From the WSJ Opinion Archives
TASTE COMMENTARY
You Can Look It Up
Or can you? Bartlett's arrives in a new edition. Who's in, who's out and why.
In "My Early Life," Winston Churchill had praise for Bartlett's Familiar Quotations. "An admirable work," he declared. "The quotations when engraved upon the memory give you good thoughts." Churchill believed that browsing through Bartlett's made one "anxious to read the authors and look for more."
Perhaps. In any book of quotations there are dozens of authors whom one intends to read, someday. Indeed, the ideal source of the perfect quotation--the classic epigram, the witty rejoinder, the ironic aperçu--is one's own reading and not the index to a reference book. But most of us do not have world enough and time (Andrew Marvell, "To His Coy Mistress").
Enter Bartlett's. The first edition of that venerable compendium of quotations appeared in 1855; the latest will be published next week. Some readers may view Bartlett's as Churchill did, but I suspect that many will follow P.G. Wodehouse, who regarded it as a literary tapas bar, to be raided for choice nuggets. Real meals are not on the menu.
Wodehouse is justly famous for his expert deployment of literary quotation. He freely sprinkled his stories with snippets from Shakespeare, the Bible, Omar Khayyám, Bret Harte and others. His readers assumed this was evidence of the Master's wide reading. But Wodehouse himself cheerfully drew attention to the importance of Bartlett's, "that indispensable adjunct to literary success."
Part of its purpose is also simple memory-prompting. How exactly did that quotation about Kipling go? And who, come to think of it, was its source? You're in luck with that one, because a peek in the index of any edition of Bartlett's, back at least to the 1950s, will lead you to James K. Stephen's immortal lines about the end of literary brashness: "When the Rudyards cease from kipling / And the Haggards ride no more."
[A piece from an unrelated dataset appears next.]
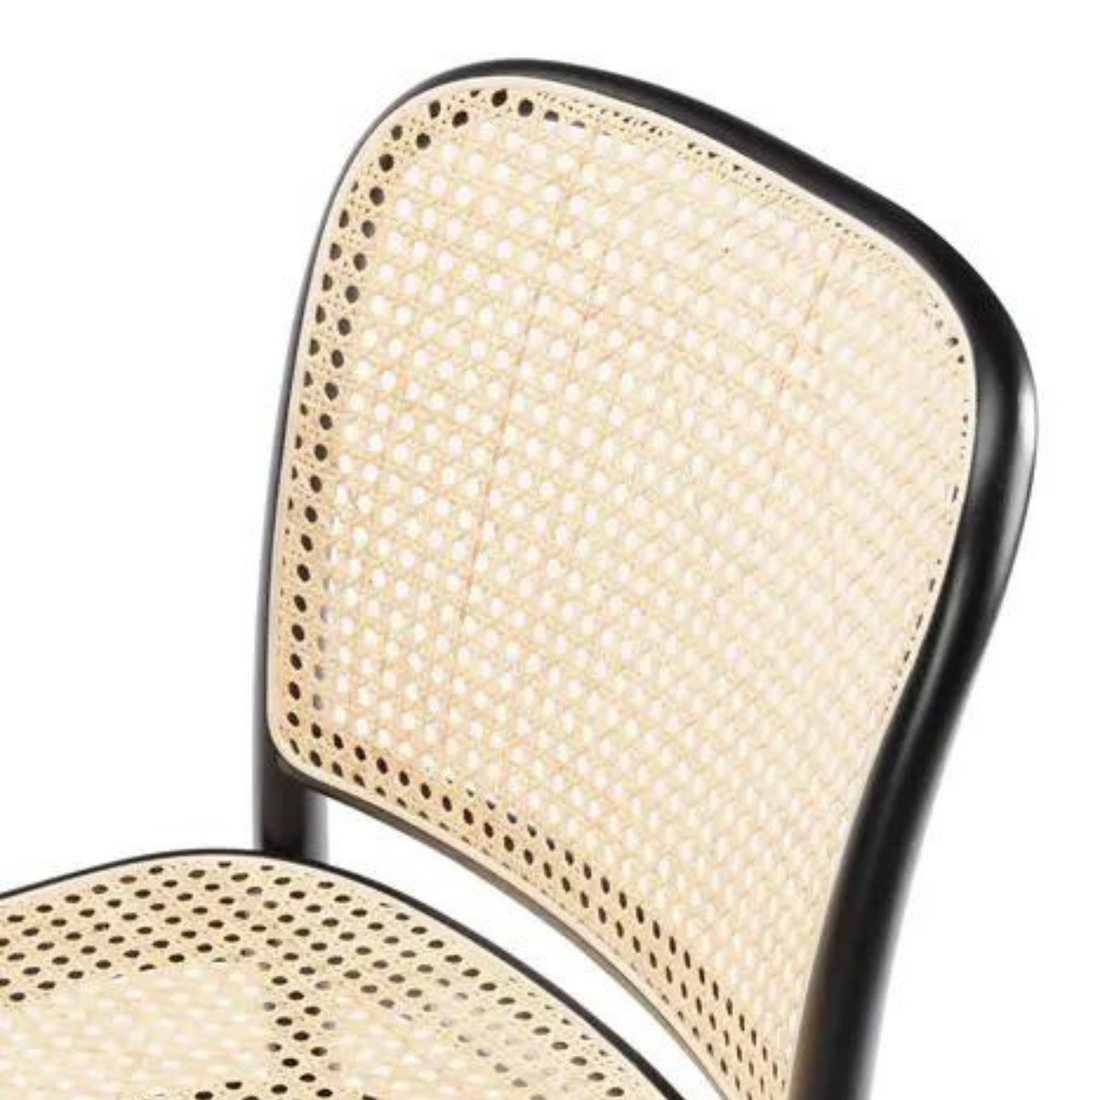 811 | Cane Chair
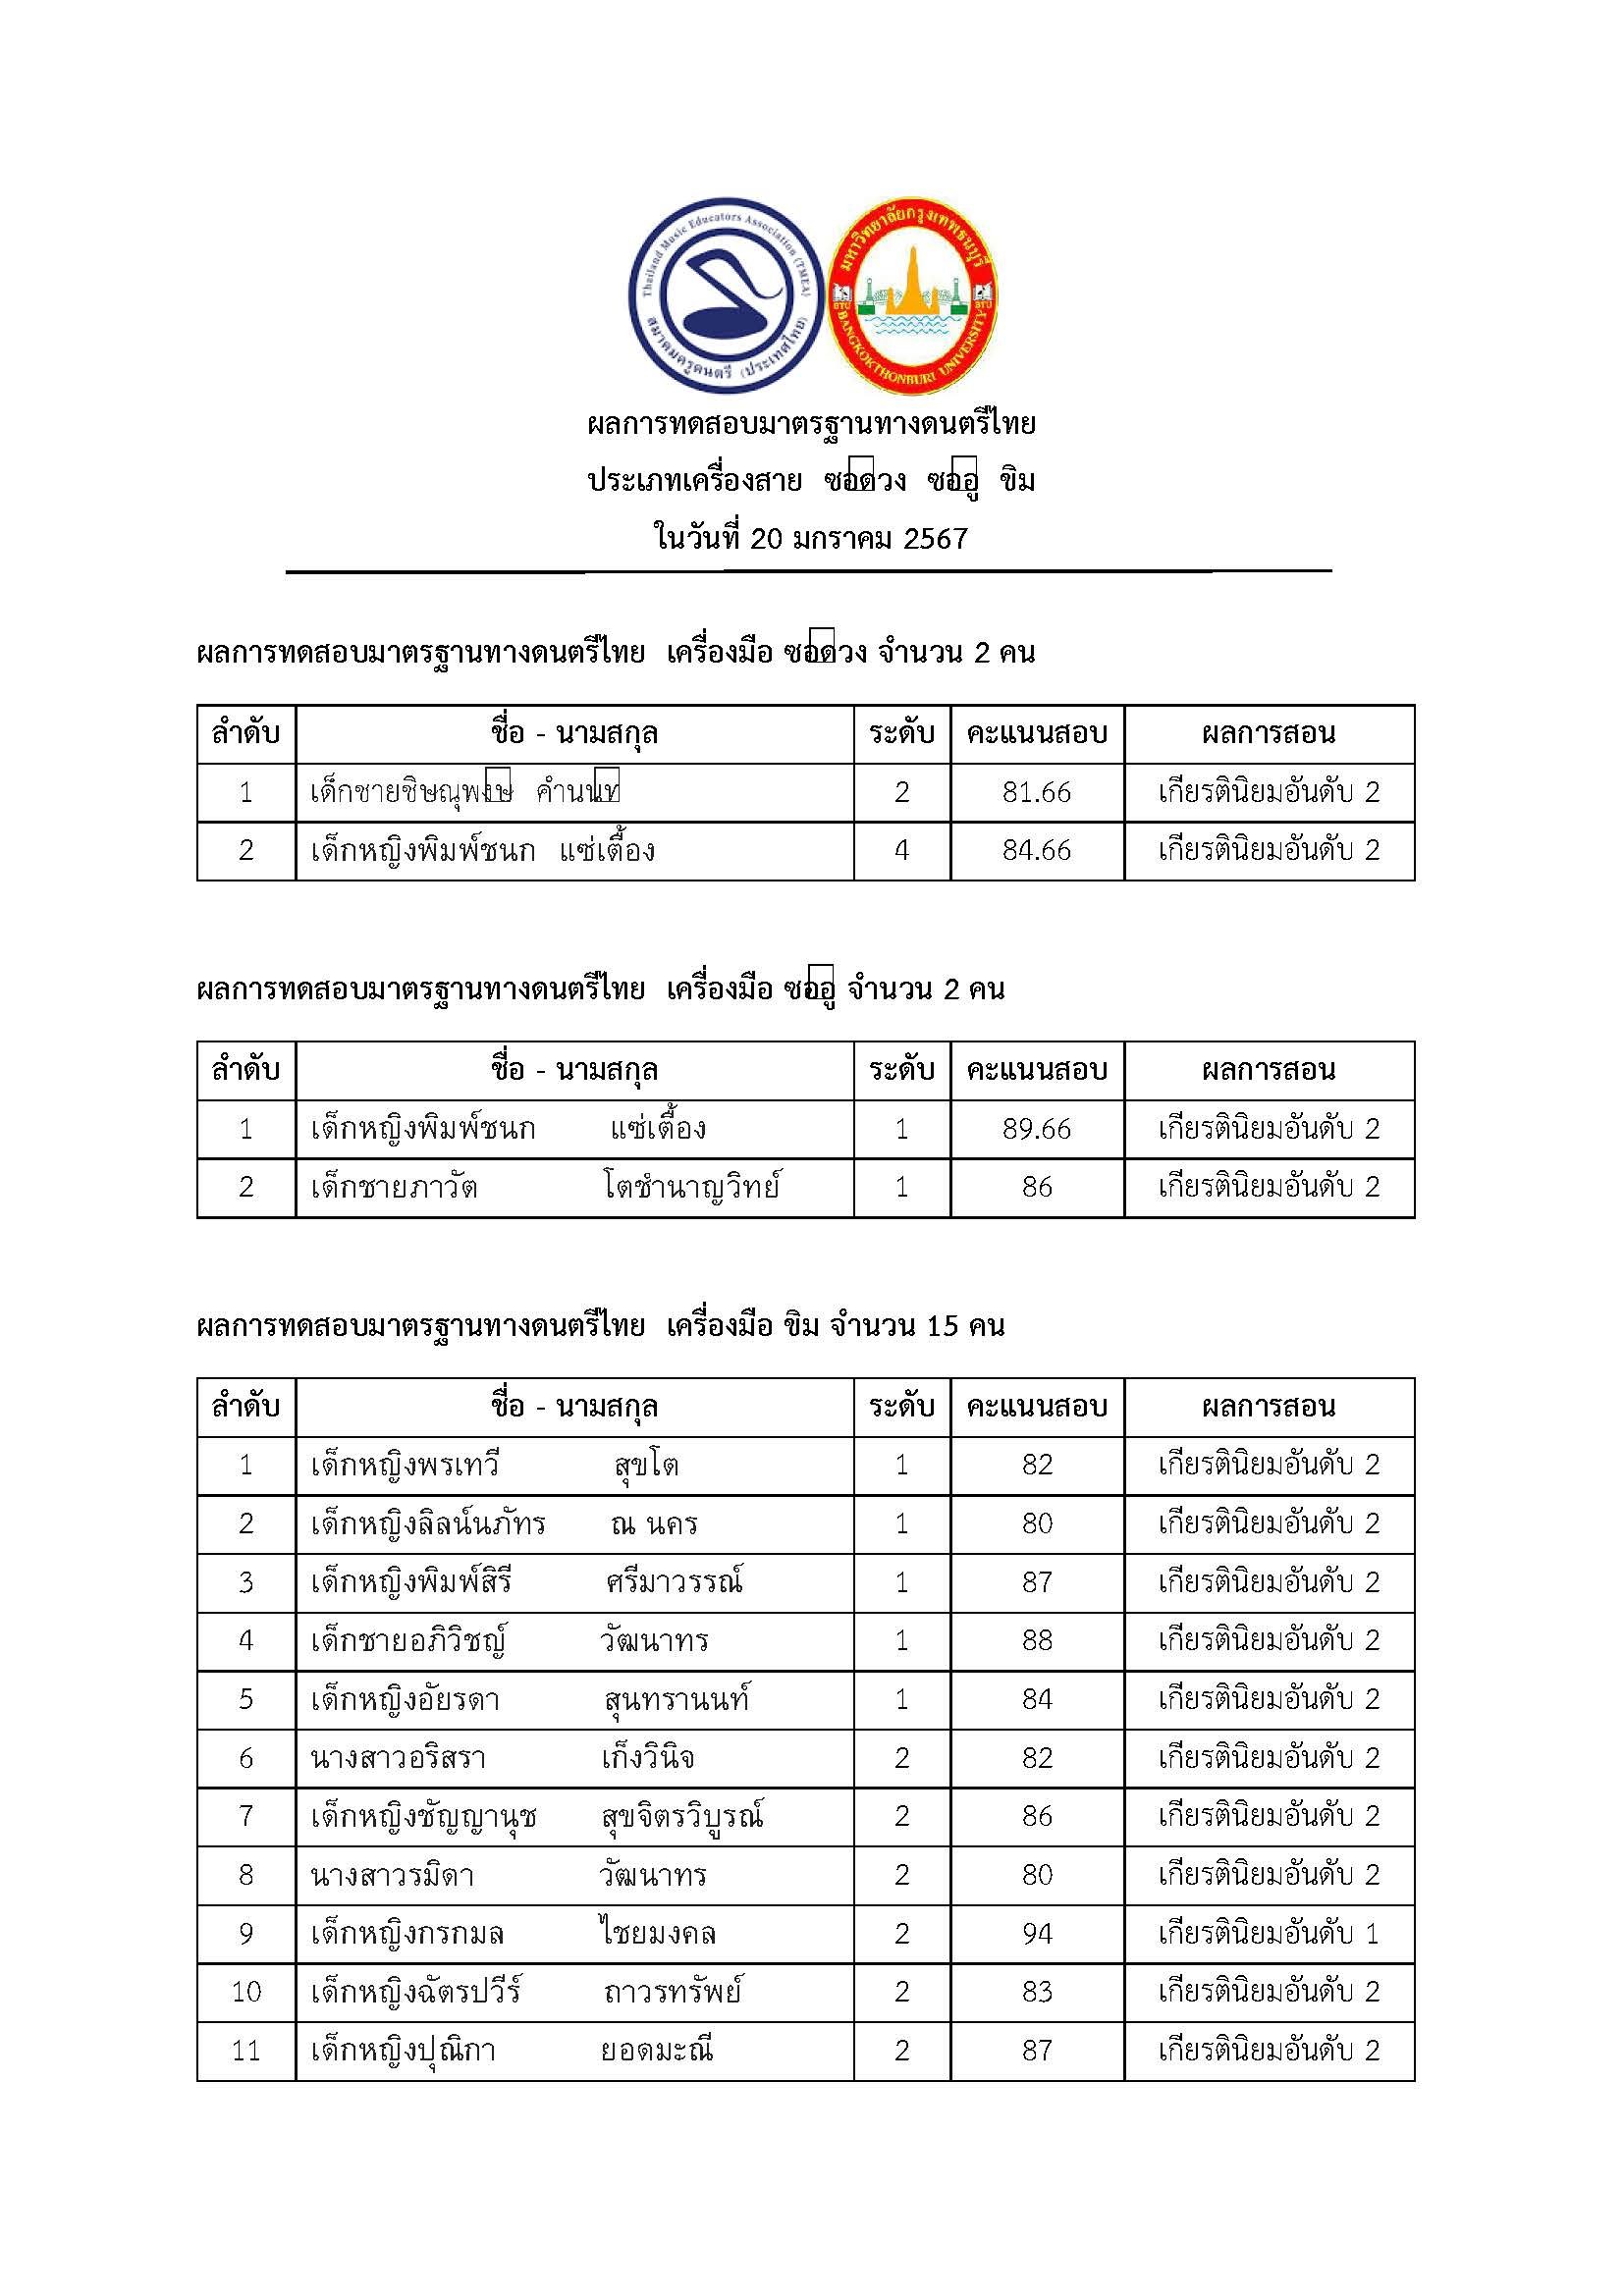 ประกาศผลการสอบวัดระดับดนตรีไทย โดย สมาคมครูดนตรี (ประเทศไทย)

Stephen, a master of light verse, was the nephew of the great Victorian man of letters Leslie Stephen and hence Virginia Woolf's cousin. Woolf is lavishly represented in Bartlett's, but J.K.'s father, the journalist and jurist James Fitzjames Stephen, never made the cut. Stephen was the author of "Liberty, Equality, Fraternity" (1873), a devastating attack on the liberalism of John Stuart Mill. His absence from books like Bartlett's (he doesn't make it into the Oxford book of quotations either) is a pity, for he is full of pungent observations: "Complete moral tolerance," he wrote, "is possible only when men have become completely indifferent to each other--that is to say, when society is at an end."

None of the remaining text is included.